People with serious mental health problems should be looked after by the State

“NGOs need to ask if this is right. There is a need for the voluntary sector, but I think the State are bypassing some of their responsibilities by asking voluntary services to deal with the more difficult people, especially those with mental health problems. People with serious mental health problems should be looked after by the State.”

There are many stories in her book of people who have come through their doors over the years. The one that stays most with me afterwards is the story of Marese. She was a homeless woman who slept in a cardboard box near the Dáil. She had almost nothing, except for one possession she treasured: an electric kettle that she hid at the back of the altar in the church in Clarendon Street. She brought Leahy into the church to show it to her. Whoever cleaned and took care of the church turned a blind eye to the presence of the kettle, with which Marese made hot drinks whenever she slipped in from the street on particularly wet days.

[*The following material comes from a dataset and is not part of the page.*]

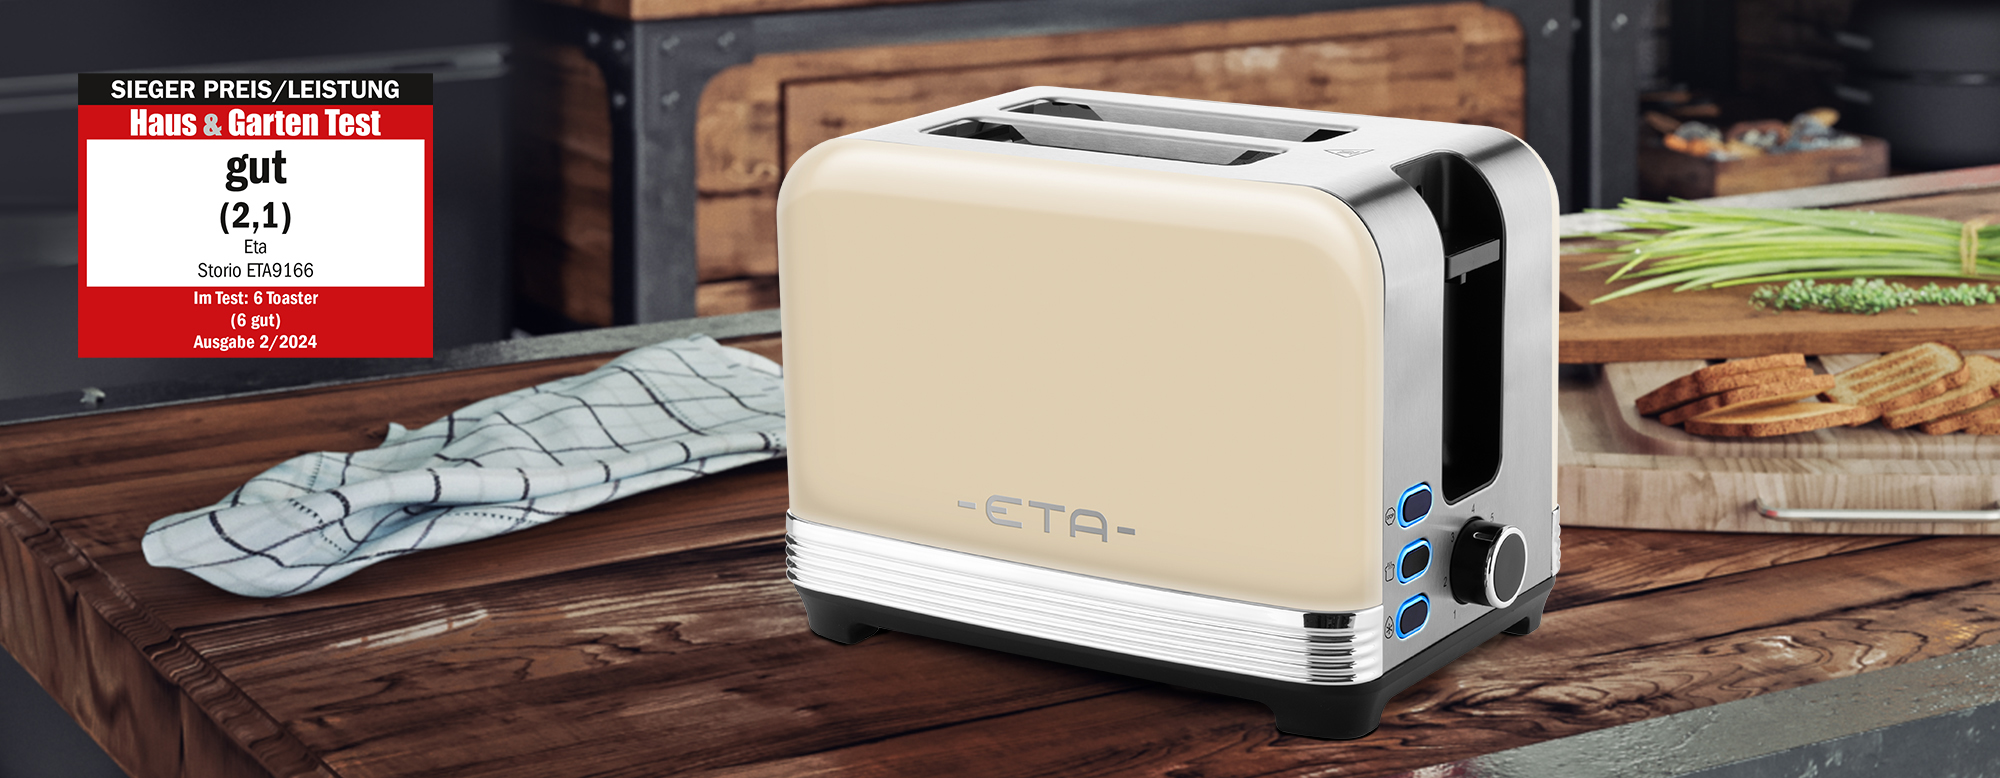 Toaster ETA Storio

The Alice Leahy Trust, a registered charity, depends entirely on donations. There are a staggering number of registered charities in Ireland; more than 8,000. One of them was suicide counselling charity Console, which made national news headlines over a scandal involving appropriation of funds public donations for personal use and was subsequently shut down.

Does Leahy think that 8,000 charities are too many for one small country?

She is careful about her reply. “I think there is a lot of duplication. I would never run down any charity because people get involved with them for all kinds of reasons. And I do think people get very tired of being asked for money constantly, especially at Christmas. But certainly, with Console, huge damage was done to public trust.”

I ask her if she is religious? She saw Pope Francis on his recent visit to Ireland, “but only because Br Kevin rang me and invited me. I wouldn’t have gone to see him otherwise”. Pope Francis went to meet Br Kevin Crowley at the Capuchin Day Centre for Homeless People.

To relax, she does yoga, and reads

“I have faith and I do believe there is a higher power. There is a mystery to life: why are we here, what are we here for, what is the plan for us? I have faith, but I’m not religious.”

To relax, she does yoga, and reads. At the moment, she's reading Bruce Springsteen's memoir, and Jordan Peterson's 12 Rules for Life, An Antidote to Chaos. She also has a novel by Sheila Flanagan beside the bed. "I think it's important to have something with a happy ending."

“You can’t change people unless they want to change themselves,” she says at once. “And how important compassion is. Whether you are JP McManus or someone struggling to raise children in temporary accommodation, your life is important. Everyone’s life is important, no matter what their circumstances are.”

  • The Stars Are Our Only Warmth, by Alice Leahy, with Catherine Cleary, is published by O'Brien Press.